SOLD ($34,000) | Installation view of MIKE CLOUD, “Beheading James Slemp,” 2020 (oil on linen with mixed media, 68 x 132 x 4 inchens), Thomas Erben Gallery, New York, N.Y. | Courtesy Thomas Erben Gallery

MIKE CLOUD: New Paintings | Thomas Erben Gallery, New York, N.Y.

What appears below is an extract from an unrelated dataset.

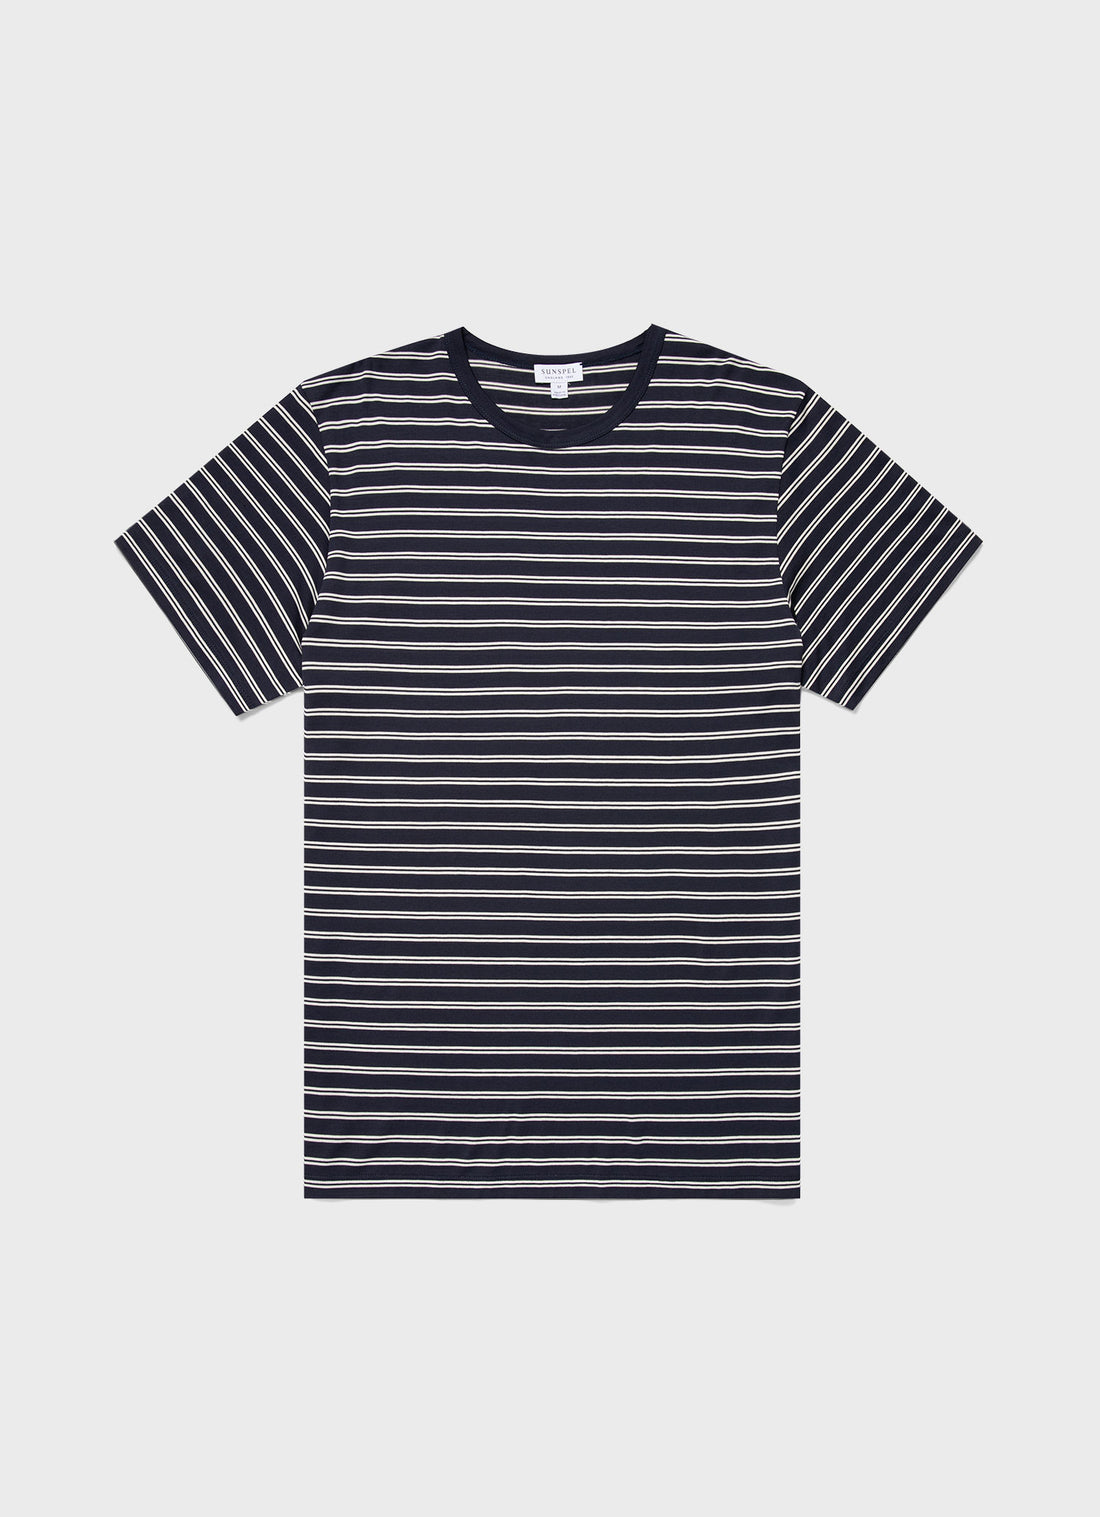 Men's Classic T-shirt in Navy/Ecru Tramline Stripe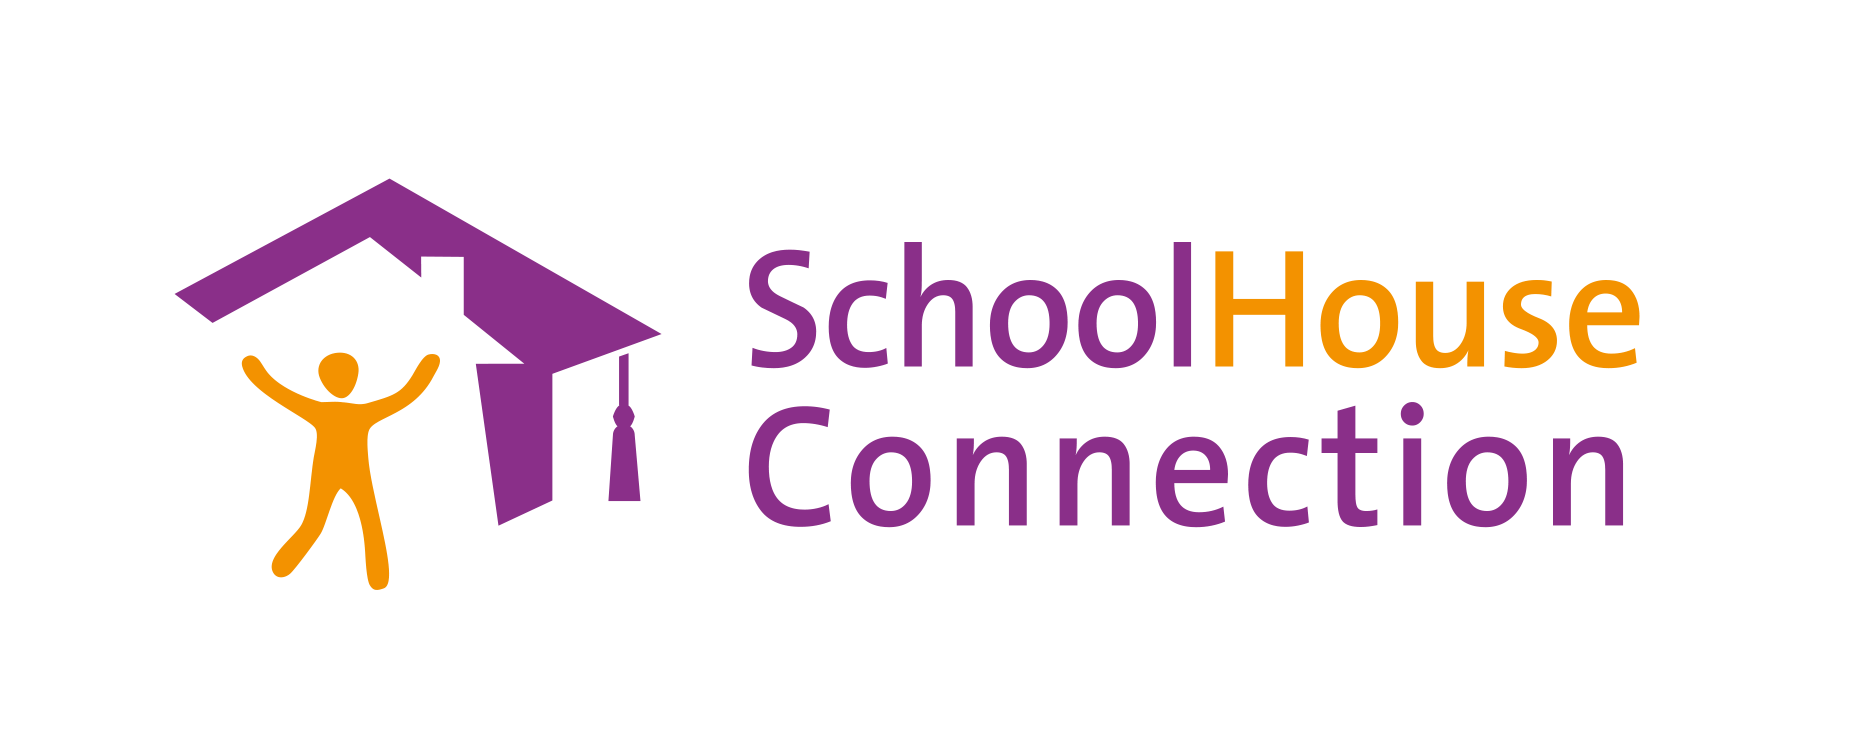 Schoolhouse Logo - SchoolHouse Connection | Overcoming Homelessness Through Education

Frieze Viewing Room / Thomas Erben Gallery Website

Featured in the Possessions section curated by Zoé Whitley, Mike Cloud’s new paintings serve as memorials and speak to death, belief, and mourning. The Chicago-based artist describes them as shattered constructions with bold color and painterly surfaces. Cloud’s work is concurrently on view at the gallery’s New York City space. (Large Mixed-Media Works $18,000-$34,000, Small Paintings $7,000-$7,500)


SOLD | NATHANIEL MARY QUINN, “Big Hair,” 2020 (black charcoal, gouache, and soft pastel on Arches paper, 12 × 18 inches / 30.5 × 45.7 cm). | © Nathaniel Mary Quinn, Courtesy the artist and Gagosian Gallery

NATHANIEL MARY QUINN | Gagosian, New York, N.Y./London

Frieze Viewing Room / Gagosian Website

In the main section of Frieze, new works on paper by Nathaniel Mary Quinn are on view. The charcoal-on-paper “enhanced performance drawings” were made by the artist using both hands simultaneously (Quinn is ambidextrous) with added enhancements of gouache and soft pastel. Quinn’s first solo exhibition with Gagosian is concurrently on view in its Davis Street gallery space. CT


“Ben Enwonwu: The Making of an African Modernist” is described as an intellectual biography. “Denzil Forrester: A Survey” was published to accompany an exhibition at Stephen Friedman Gallery in London. A number of volumes explore the practice of Theaster Gates, including “Theaster Gates: Black Archive.” “Theaster Gates: Black Madonna” and “Theaster Gates: Every Square Needs a Circle” were both published this year. “Rashid Johnson: Message to Our Folks” is a comprehensive survey of the artist’s work through 2012. “Rashid Johnson: Anxious Men” offers an early exploration of his latest ongoing series. Also consider, “American People, Black Light: Faith Ringgold’s Paintings of the 1960s,” and the recently published volumes “Faith Ringgold: Die,” part of the Museum of Modern Art’s One on One series, and “Faith Ringgold,” which accompanied her exhibition at Serpentine Galleries in London.